Gostic became involved in a project studying bird flus through a bit of an “accident,” she says. It began when she heard Michael Worobey of the University of Arizona, Tucson, give a seminar at UCLA where he introduced the idea that childhood exposure to seasonal flu strains could potentially provide immunity against future exposure to certain bird flus or other animal-origin flu viruses. In the past, researchers thought that humans wouldn’t have any immunity against flu viruses that came from animals. But Worobey’s hypothesis could explain why certain demographic age groups have been less susceptible to particular animal-origin strains, such as the 1918 Spanish flu pandemic or H5N1 and H7N9 (two bird flus with pandemic potential). “I was really excited after the talk,” recalls Gostic. “I was like, ‘Wow this could be a really big deal!’”
H5N1 virus
Gostic and the research team collected and analyzed data on known cases of H5N1 bird flu viruses (small circular and tubular shapes in gold) and other flu viruses. Credit: Cynthia Goldsmith.
After the seminar, Gostic and Lloyd-Smith discussed the idea of collaborating with Worobey to work on a follow-up project to study if people’s childhood exposure to seasonal flu affects their immune system’s ability to fight off bird flus later in life. Worobey, now Gostic’s close mentor, agreed to collaborate. So with the help of labmate Monique Ambrose, the research team collected data from the World Health Organization (WHO), the Hong Kong Centre for Health Protection, FluTrackers and other sources. Much of the data they used is routinely collected by governments and agencies working with WHO.
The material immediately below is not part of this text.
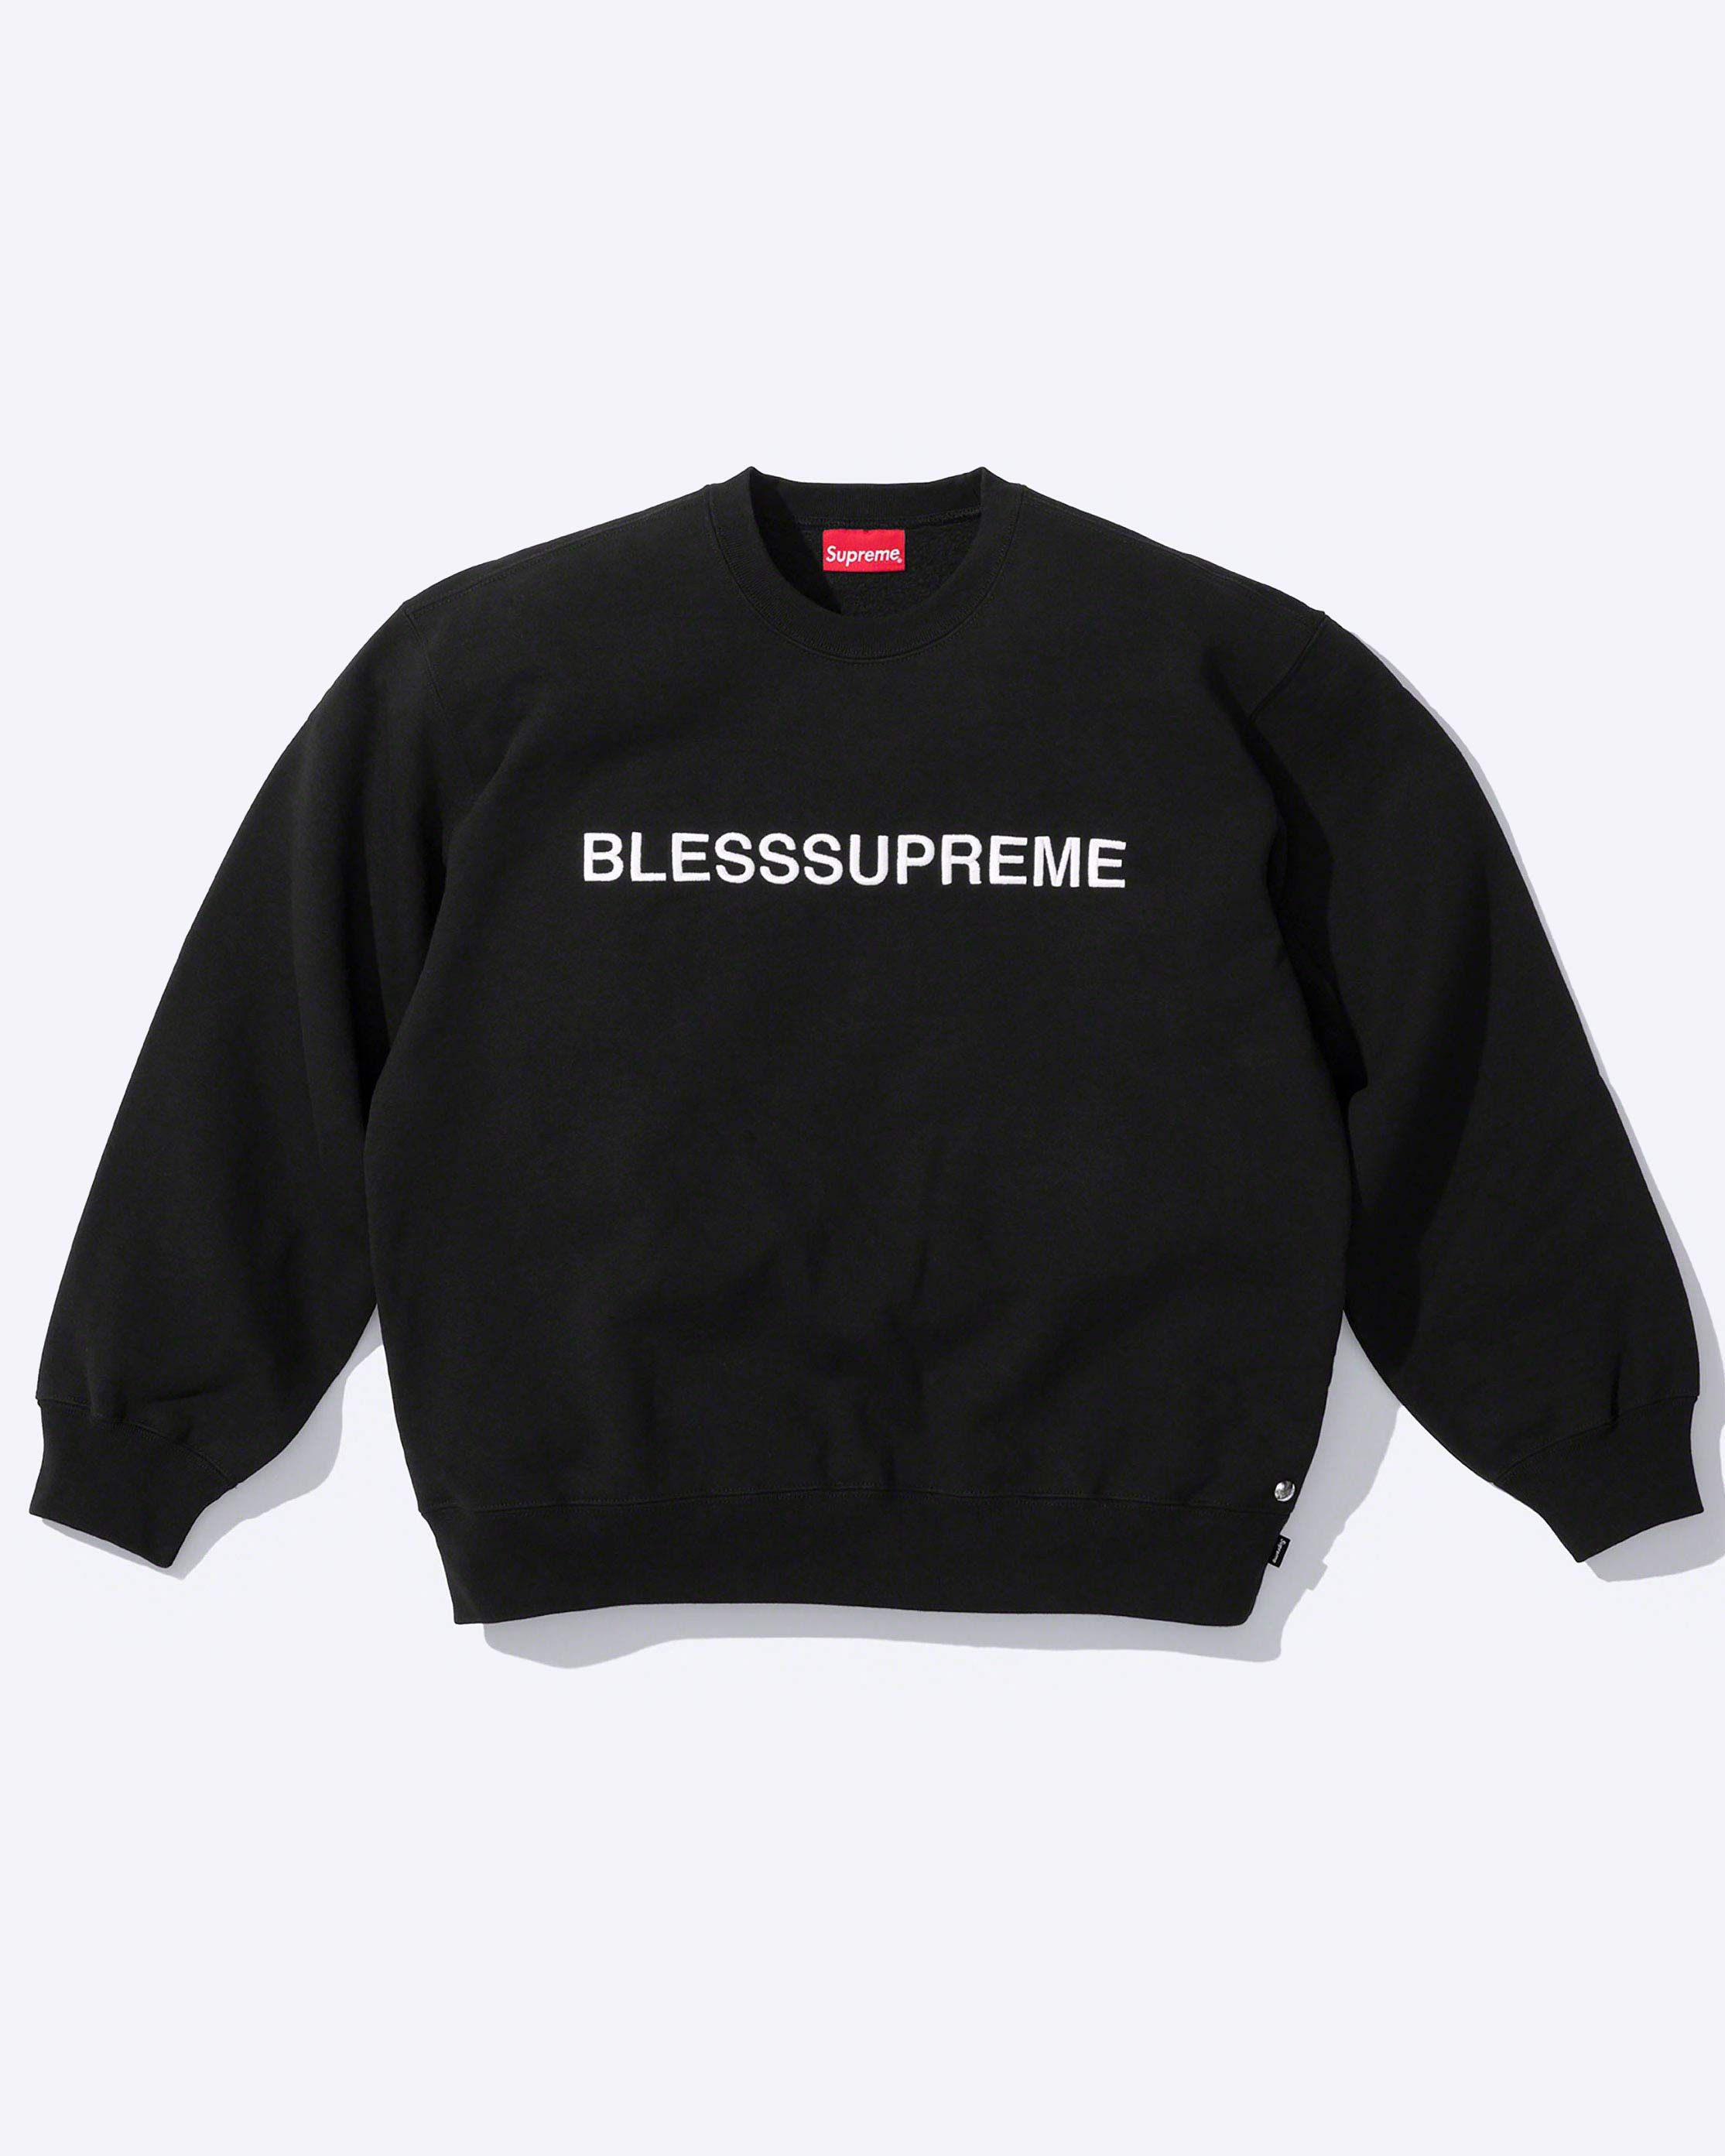 Supreme®/BLESS – Supreme

The group’s study, published in Science and featured on the NIH Director’s Blog, reconstructed an almost 100-year history of seasonal flu in six countries and then compiled that with data on all known human cases of H5N1 and H7N9 that also reported the infected people’s ages. The researchers found the type of hemagglutinin protein (the “H” in H5N1 and H7N9) on the seasonal flu strain a person had likely first encountered during childhood influenced whether that person would be affected by a particular bird flu strain later in life. This finding is important for understanding who may have more protection against future pandemic flu strains and for creating new vaccines.
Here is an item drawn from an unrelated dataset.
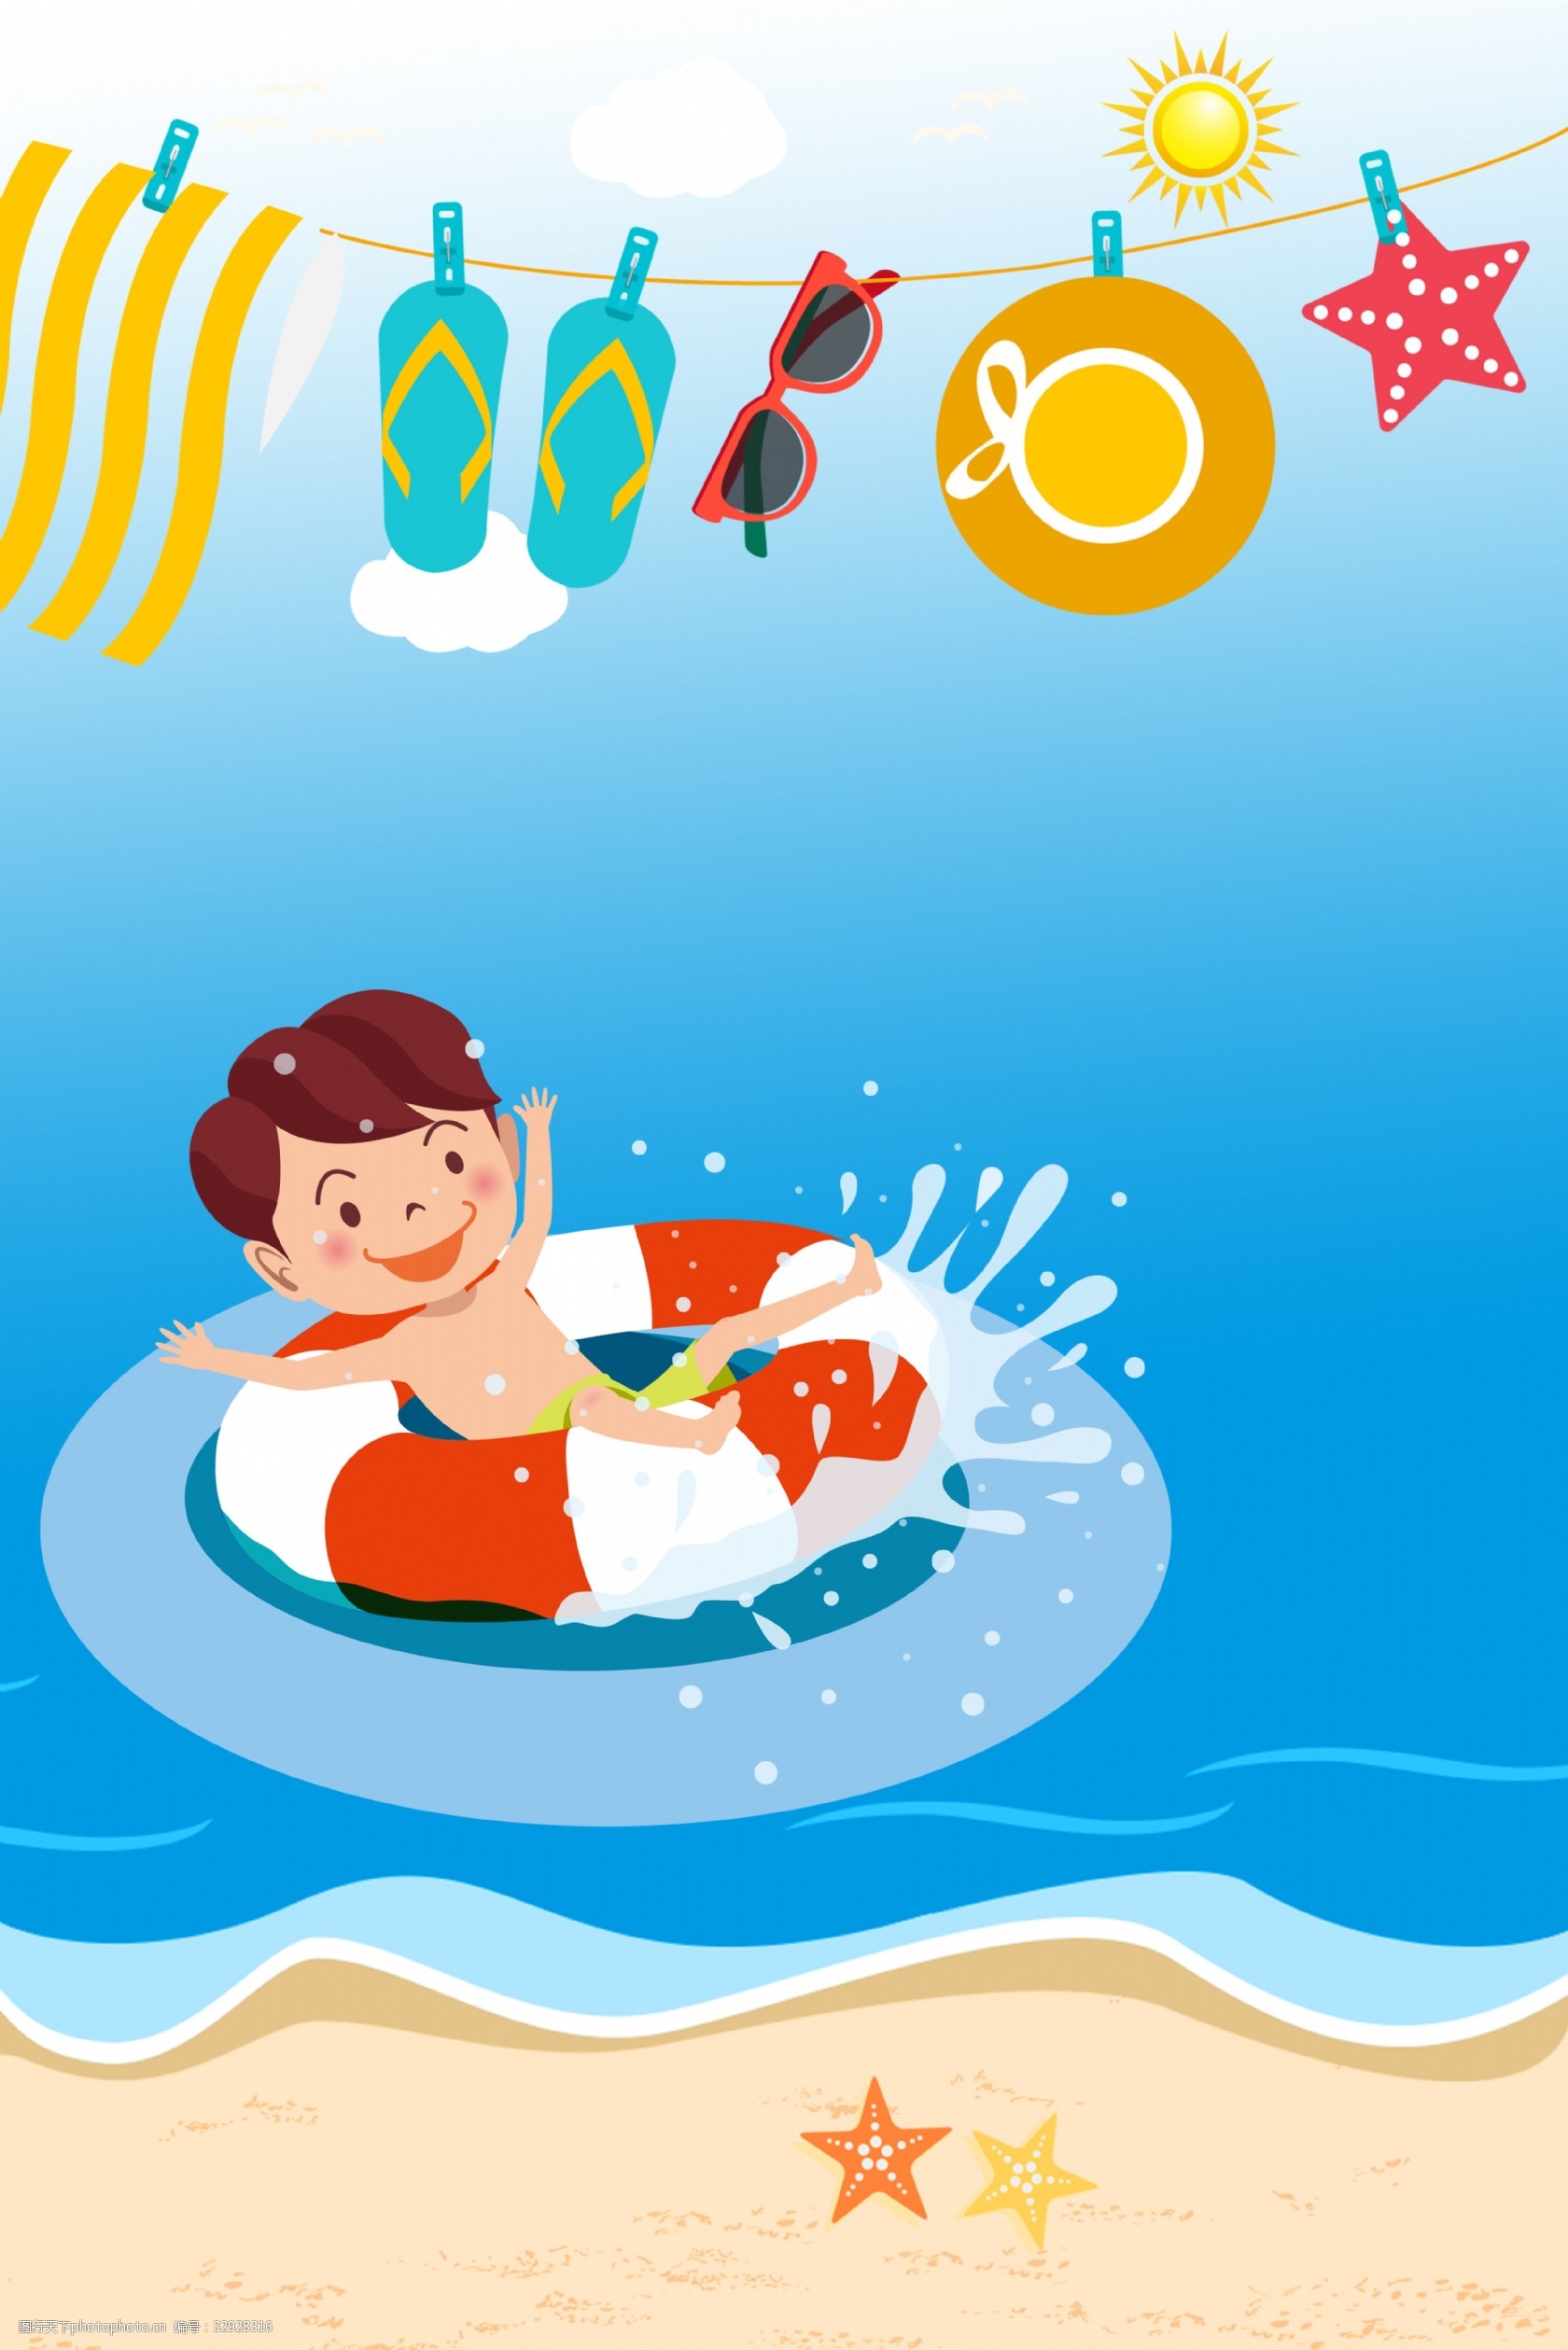 关键词:夏日儿童戏水背景 卡通手绘少儿游泳 游泳圈 夏天 夏季 夏日

Gostic says she enjoys this kind of research because it uses her math and computer skills and has real-world impact. She also likes sharing her knowledge and skills with others. For example, she consults informally with her fellow graduate students to help them with coding problems and is a teaching assistant for several undergraduate classes. She has helped develop a curriculum about evolution designed for girls in elementary and middle school.
Her advice to others looking to do biology research is, “Take math classes and statistics classes, and learn to code. Look for opportunities or mentors who are going to help you use those skills to analyze biological data.” Gostic’s career goal: Become a faculty member at an institution where she can stay in research and continue teaching.
Gostic is funded by an NIGMS T32 predoctoral training grant that prepares graduate students for research or research-related careers in a variety of basic biomedical science areas.